AI-assisted coding tools have become ubiquitous — GitHub Copilot, Cursor, Windsurf — but most developers interact with them as black boxes. You type, a suggestion appears, and you either accept it or don't. The underlying mechanics of how these tools understand your code, what makes a prediction good, and why certain suggestions appear at certain moments remain opaque.

I wanted to peel back that abstraction. Not just to use AI coding tools, but to build one — understanding every layer from file watching and codebase indexing, through embedding generation and semantic retrieval, to next-edit prediction and agentic code generation.

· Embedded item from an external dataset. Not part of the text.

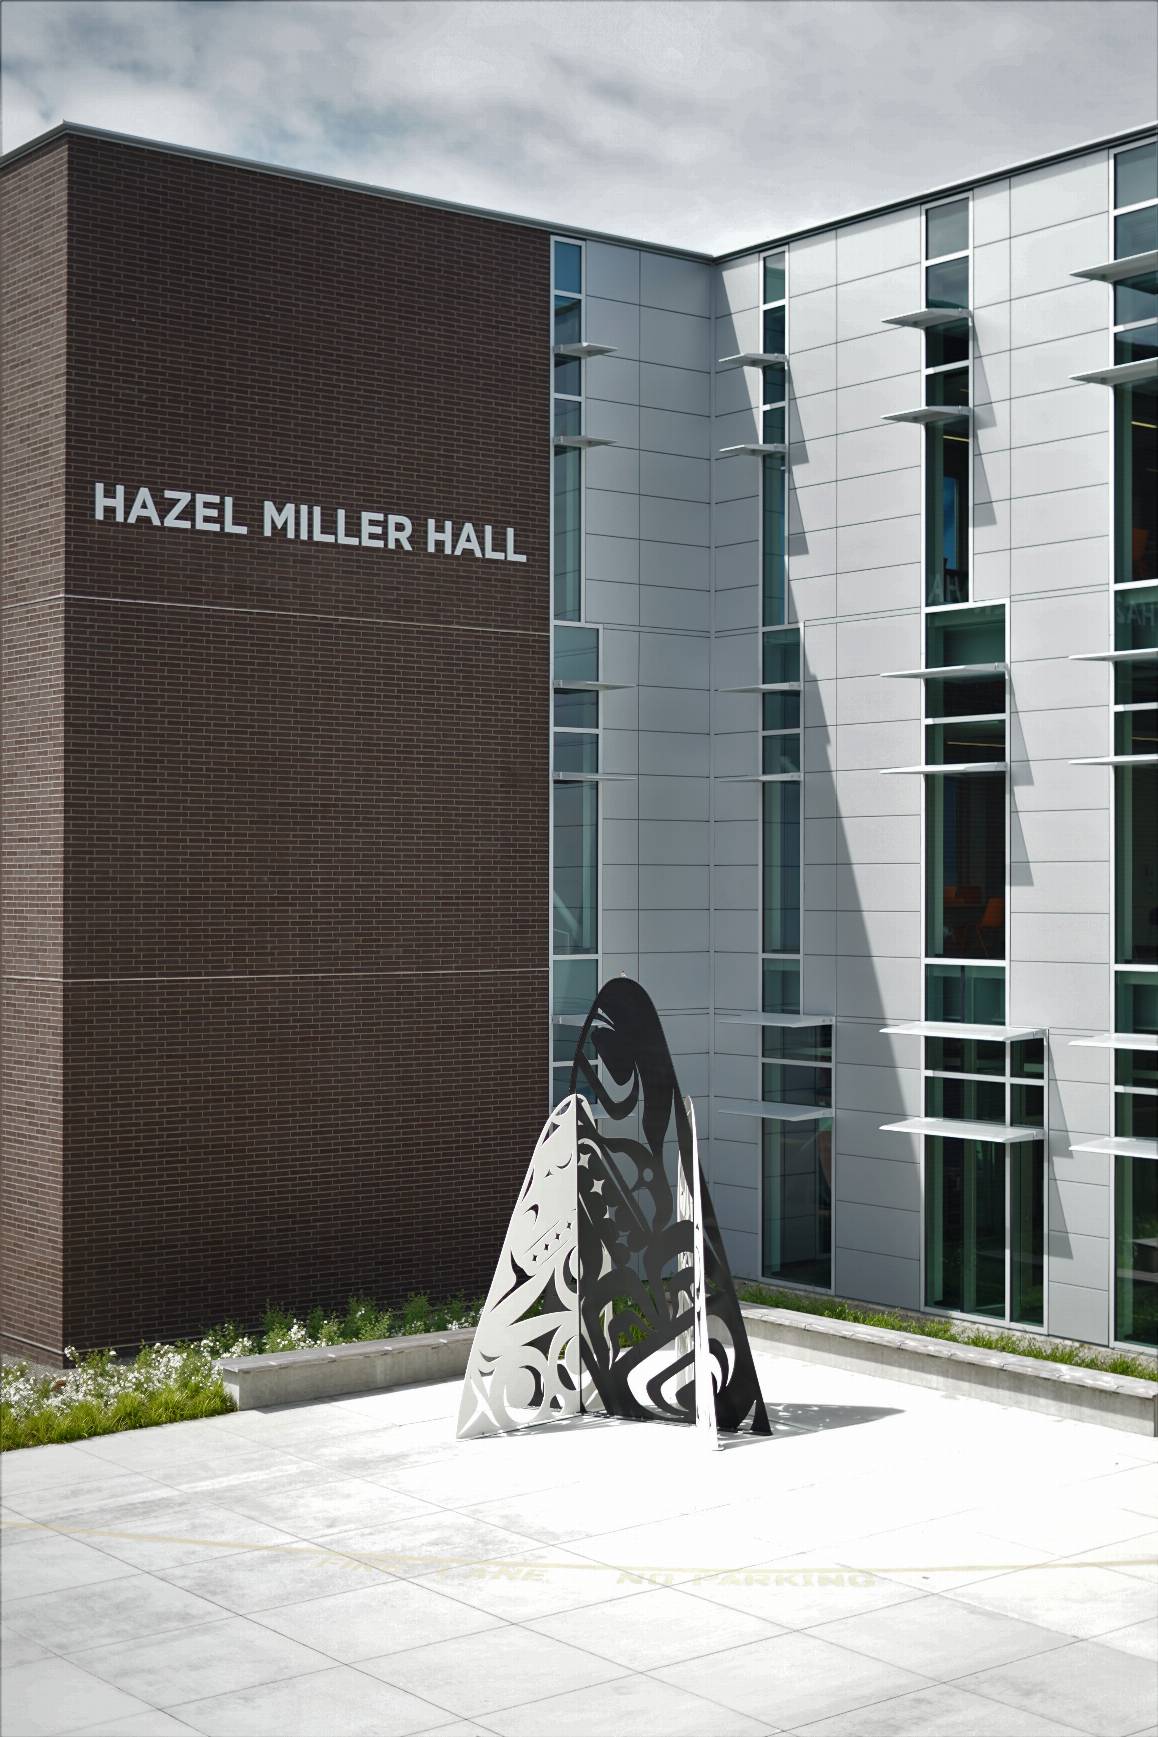 黑兹尔·米勒大厅外的雕塑照片。
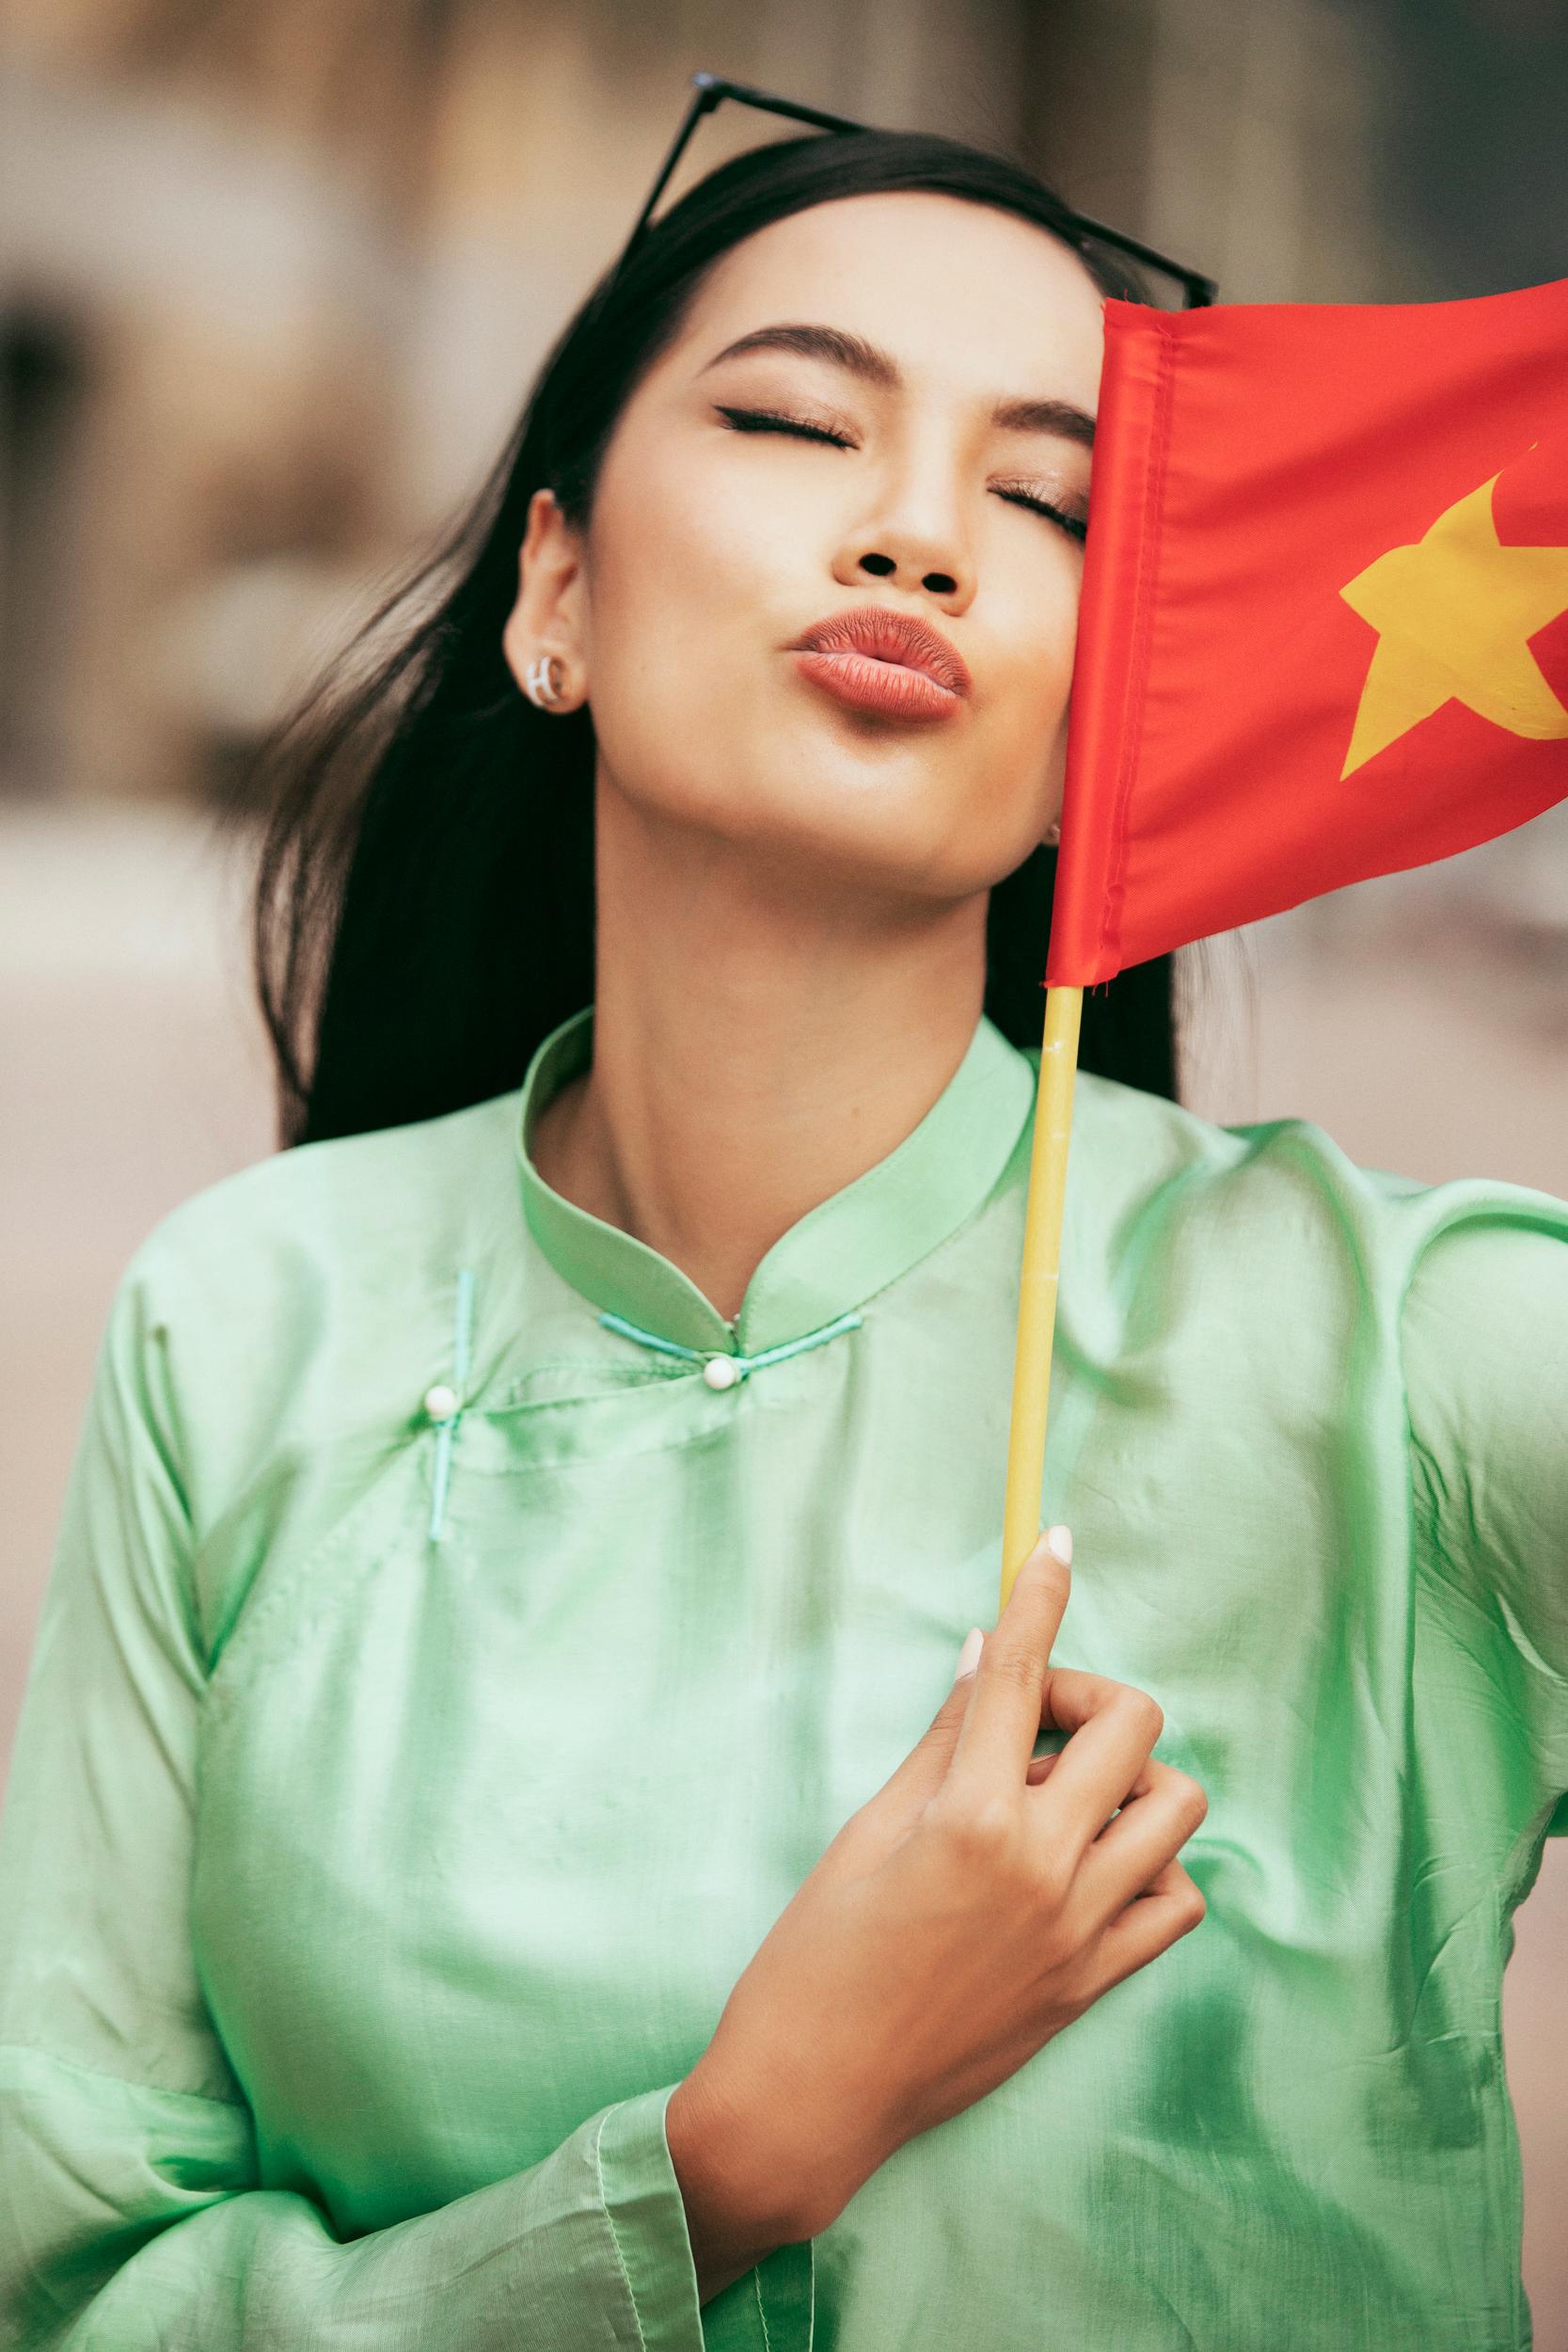 Áo dài lụa Hà Đông là một trong những trang phục truyền thống đẹp và tinh tế của Việt Nam. Với việc người mẫu Việt diện áo dài lụa Hà Đông đi tham quan ở Dubai, hình ảnh này chứng tỏ sự sang trọng và quý phái của áo dài Việt Nam và giới thiệu đến bạn bè quốc tế văn hóa và nét đẹp của Việt Nam.

Fleur is the result: a fully functional AI-native code editor built with Tauri, React, Rust, and Python. It implements the three core capabilities found in modern AI editors — codebase indexing, next-edit prediction, and an AI copilot — each built from scratch with local models, so every piece of the pipeline is visible and hackable.


OVERVIEW

Core Capabilities

Three pillars define how AI integrates into the editing experience. Each one required a different approach to model selection, data flow, and UX.

Codebase Indexing

A file watcher streams changes through a Rust → Python pipeline. Tree-sitter parses ASTs into semantic chunks, Jina Code embeds them into 768-dimensional vectors, and ChromaDB stores them for instant semantic search.

Next Edit Prediction

After a 2-second typing pause, the editor sends your original file, current edits, and recent diffs to Sweep's Next-Edit 1.5B model. The predicted file is diffed line-by-line and surfaced as native Monaco ghost text.

AI Copilot

An agentic assistant powered by Azure-hosted models with full codebase context via RAG retrieval. It can reason over multiple files, generate code, and provide inline suggestions — all backed by semantic search over the indexed codebase.


ARCHITECTURE

Editor Anatomy

Fleur is a desktop application built on Tauri, with a React + Monaco frontend and a Rust backend that communicates with Python AI services over gRPC. This split lets the UI stay fast and responsive while heavy inference runs in separate processes.

Editor Anatomy7 layers
Backend
|fleur
TypeScript|Ln 7, Col 22
Copilot
Copilot
I'll refactor the Editor component to use the new hooks...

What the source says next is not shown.